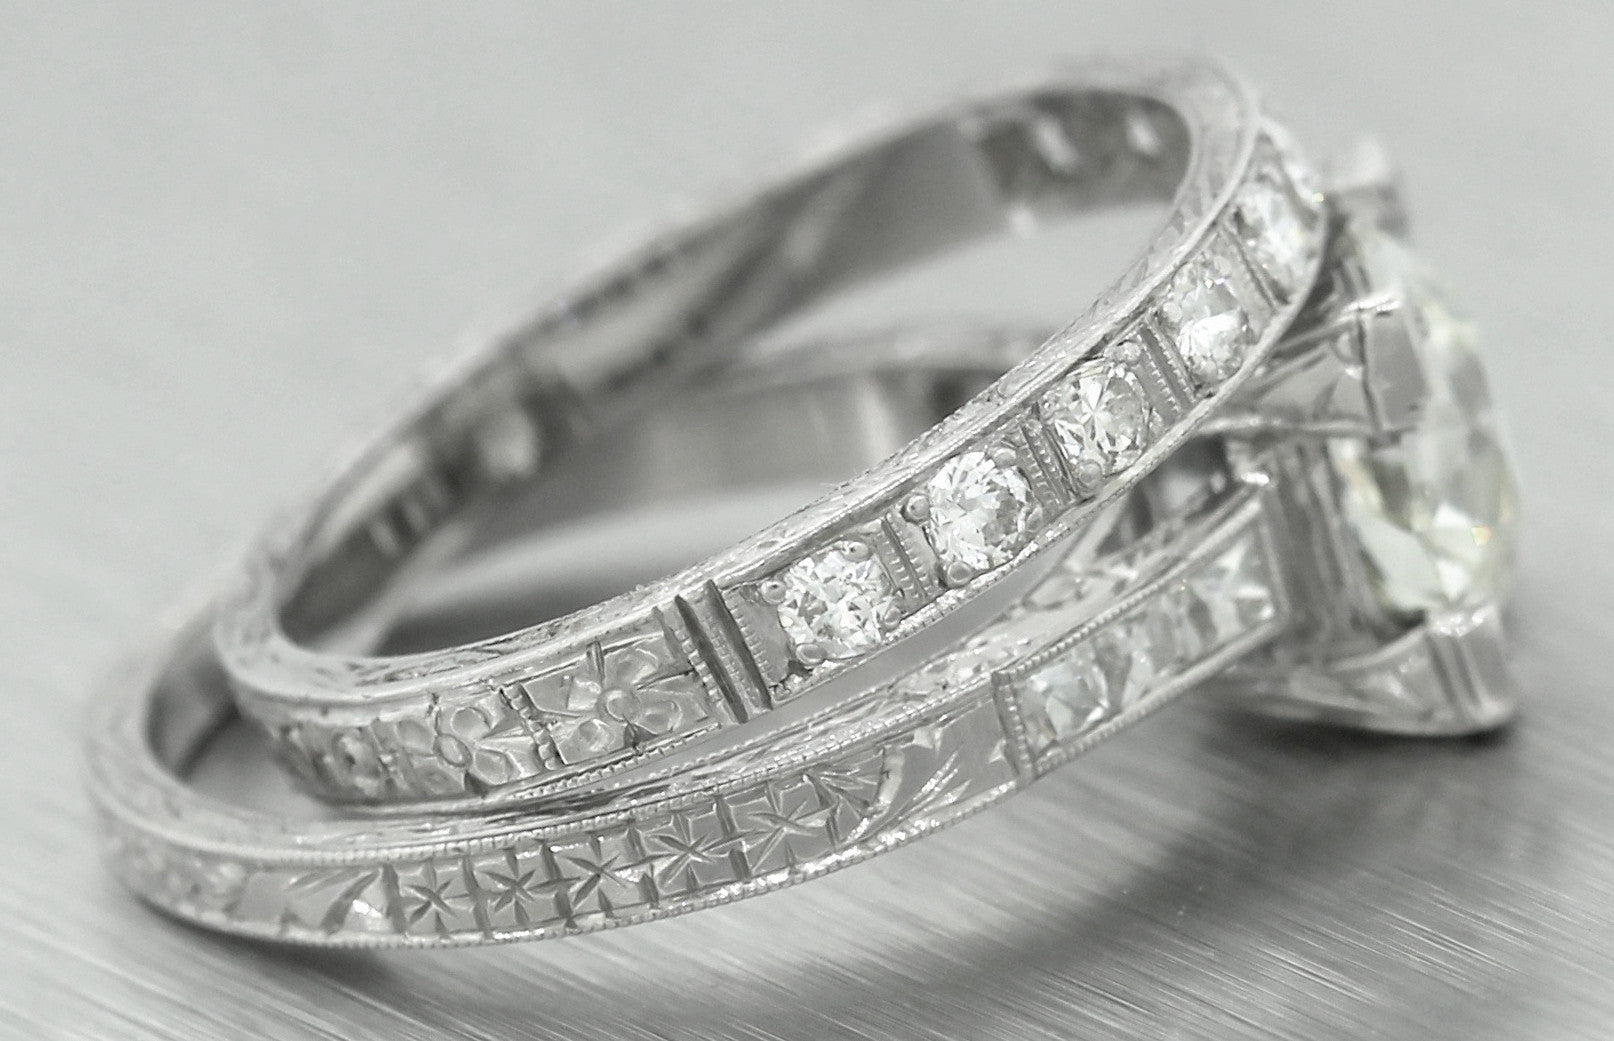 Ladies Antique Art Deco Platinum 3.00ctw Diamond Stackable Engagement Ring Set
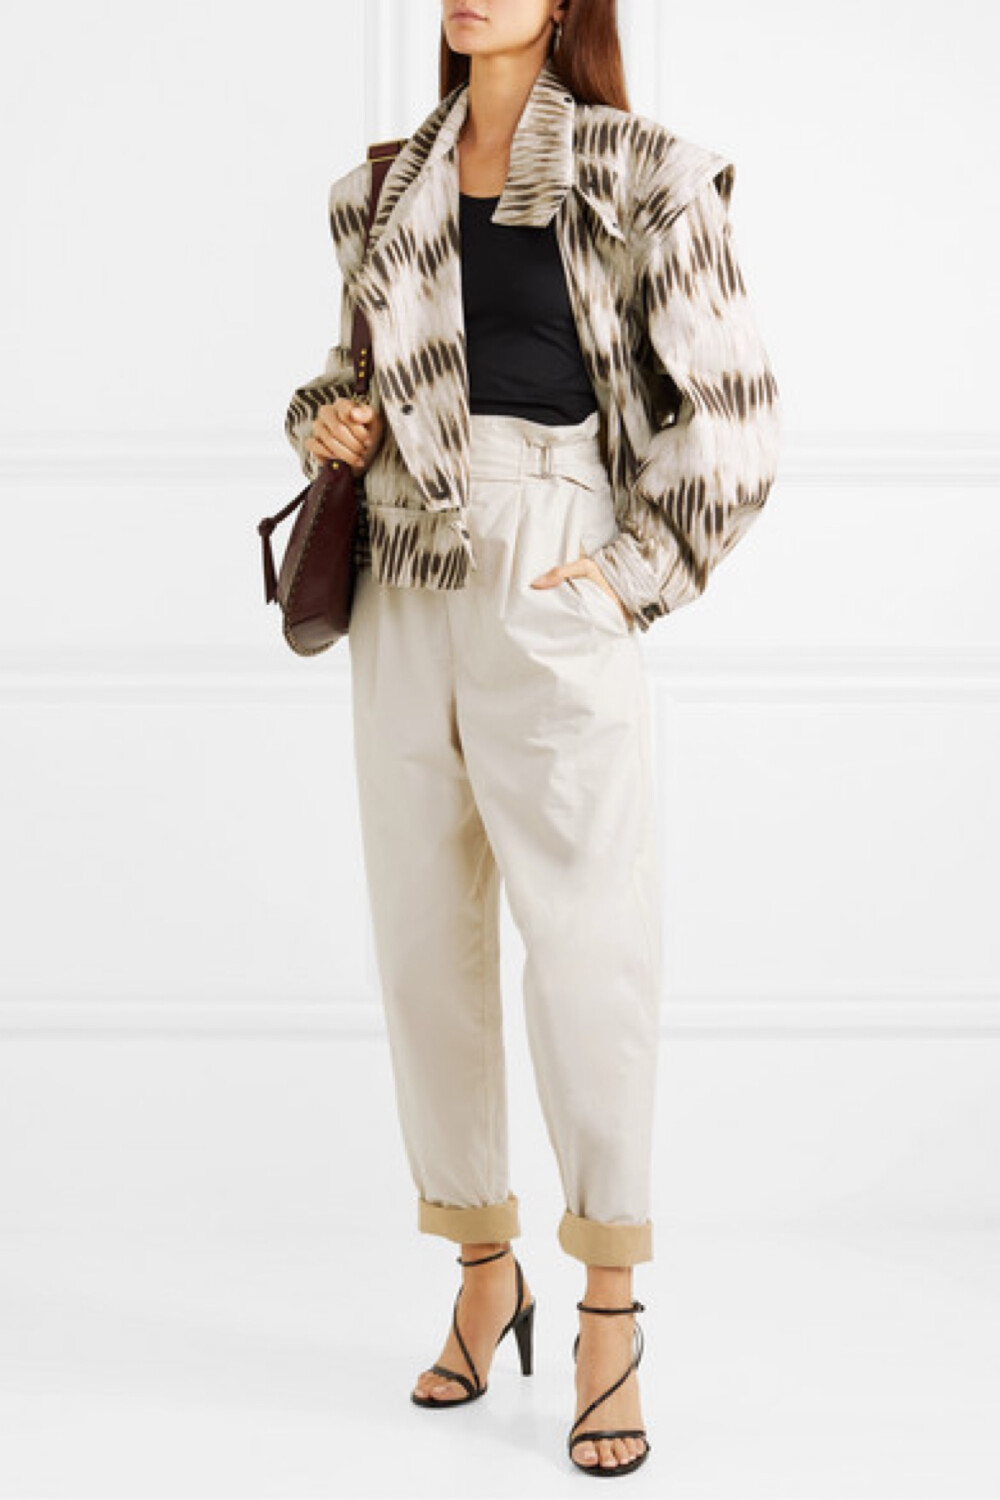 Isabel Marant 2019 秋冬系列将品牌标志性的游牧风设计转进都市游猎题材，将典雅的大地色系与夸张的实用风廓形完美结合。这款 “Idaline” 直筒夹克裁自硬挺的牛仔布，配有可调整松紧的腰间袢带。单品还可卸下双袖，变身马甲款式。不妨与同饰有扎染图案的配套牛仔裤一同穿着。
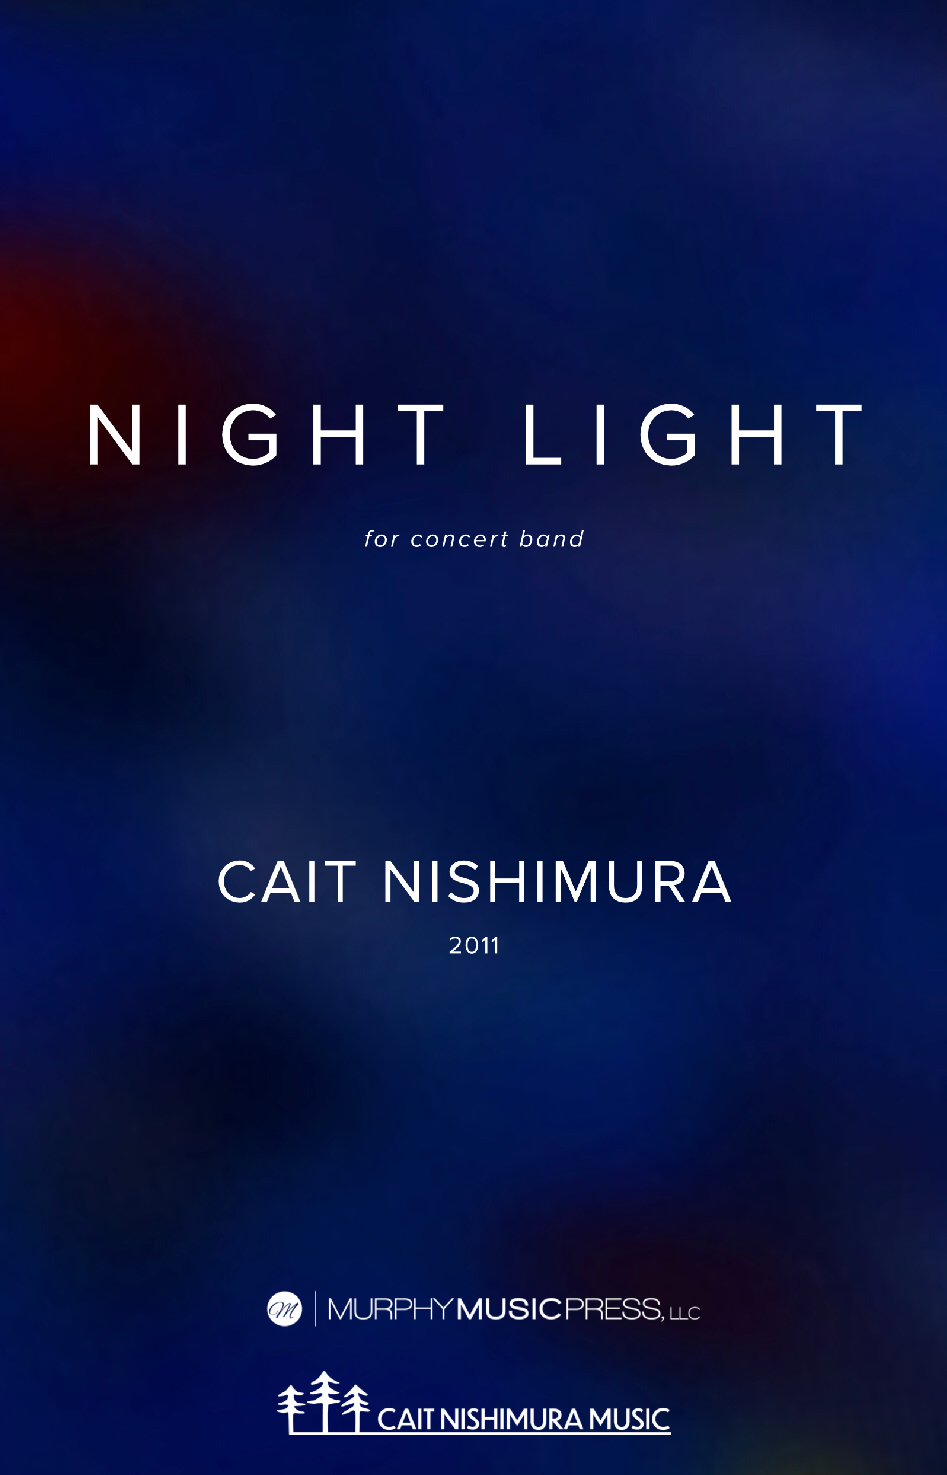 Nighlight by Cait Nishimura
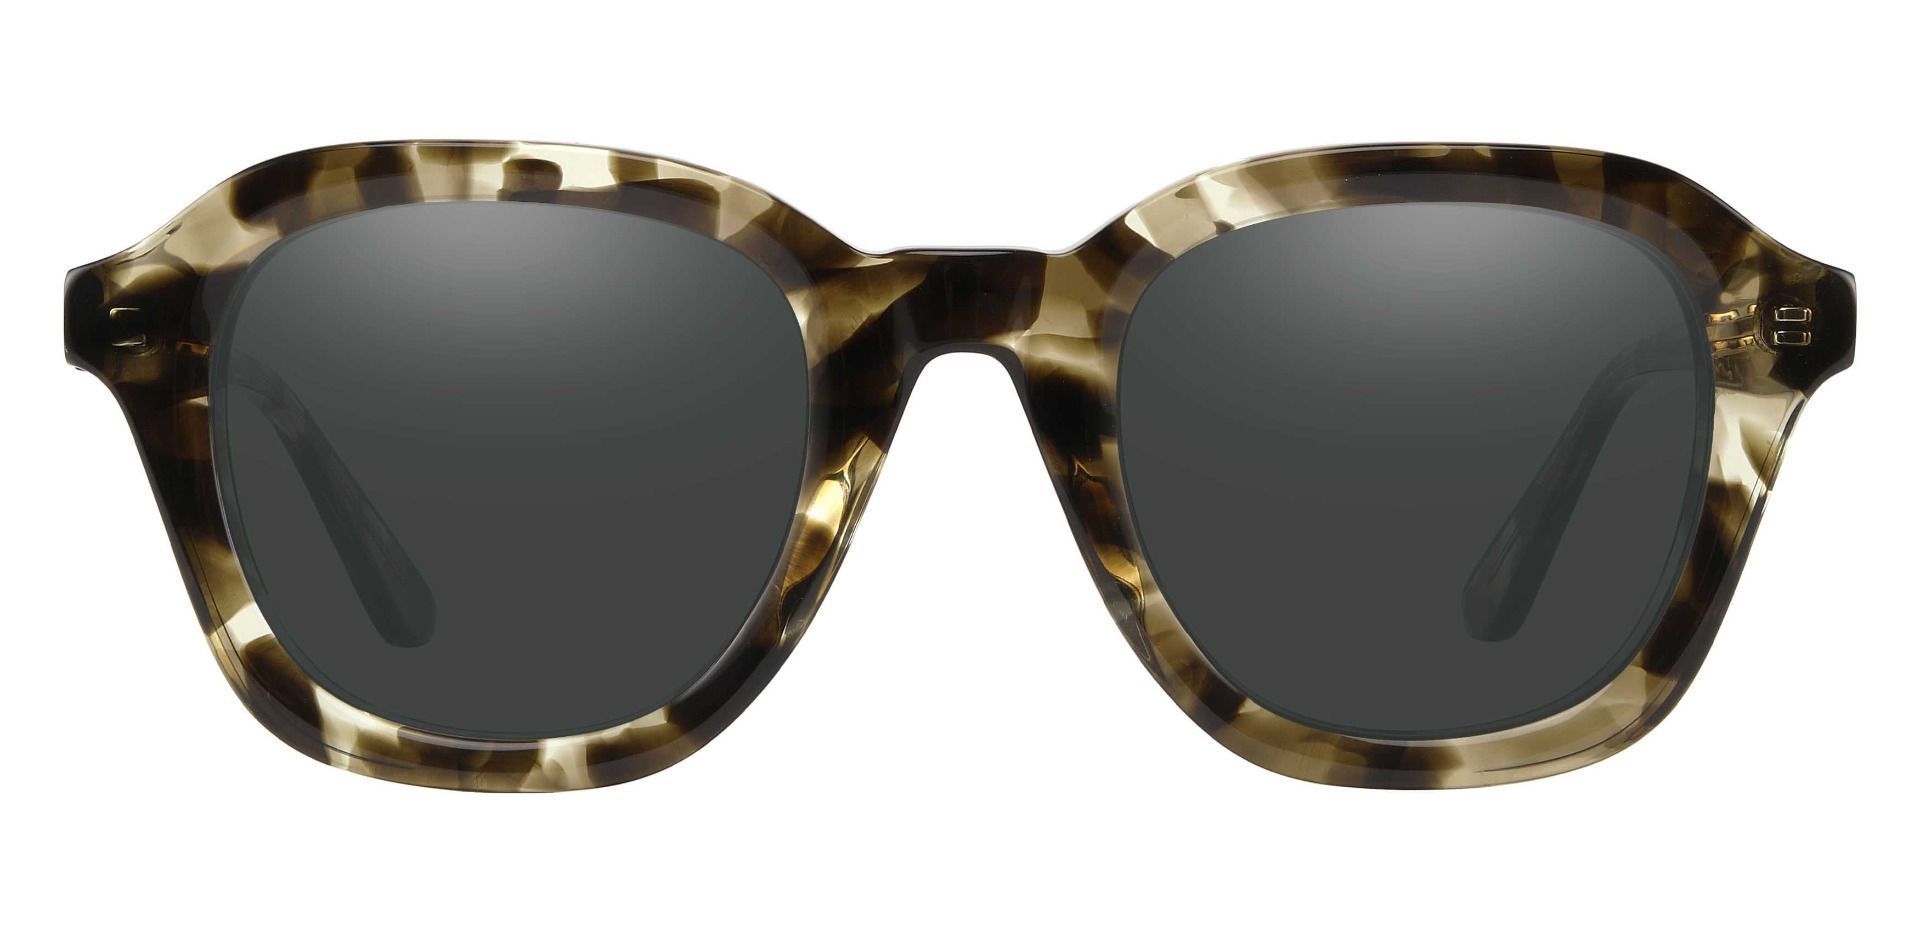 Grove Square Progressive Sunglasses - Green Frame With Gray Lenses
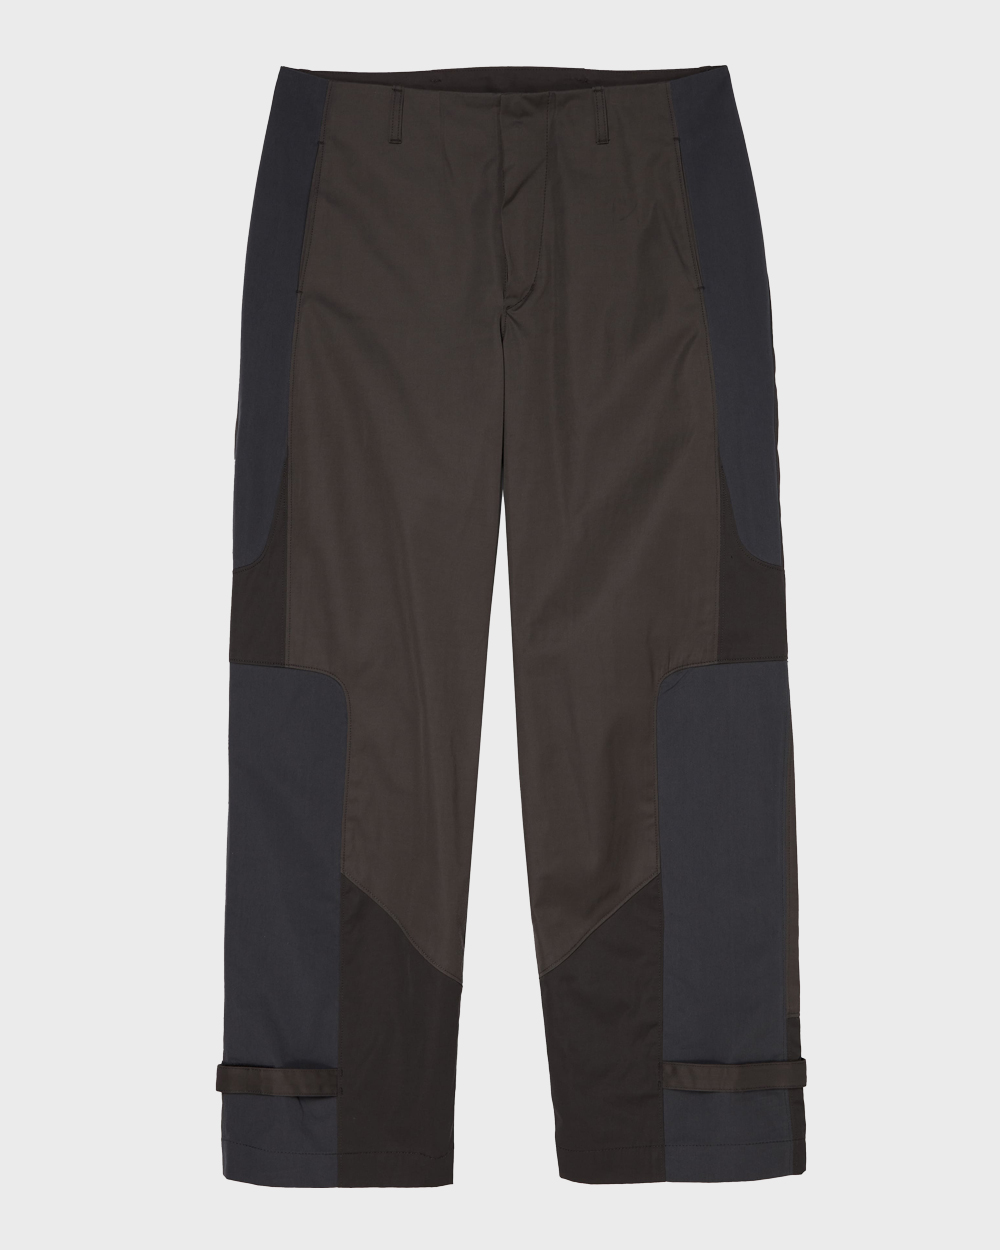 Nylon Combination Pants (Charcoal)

────────

## Prompt
Copy out all the data exactly, skipping the pictures.

## Answer area
 Ladies Antique Art Deco Platinum 3.00ctw Diamond Stackable Engagement Ring Set
 Isabel Marant 2019 秋冬系列将品牌标志性的游牧风设计转进都市游猎题材，将典雅的大地色系与夸张的实用风廓形完美结合。这款 “Idaline” 直筒夹克裁自硬挺的牛仔布，配有可调整松紧的腰间袢带。单品还可卸下双袖，变身马甲款式。不妨与同饰有扎染图案的配套牛仔裤一同穿着。
 Nighlight by Cait Nishimura
 Grove Square Progressive Sunglasses - Green Frame With Gray Lenses
 Nylon Combination Pants (Charcoal)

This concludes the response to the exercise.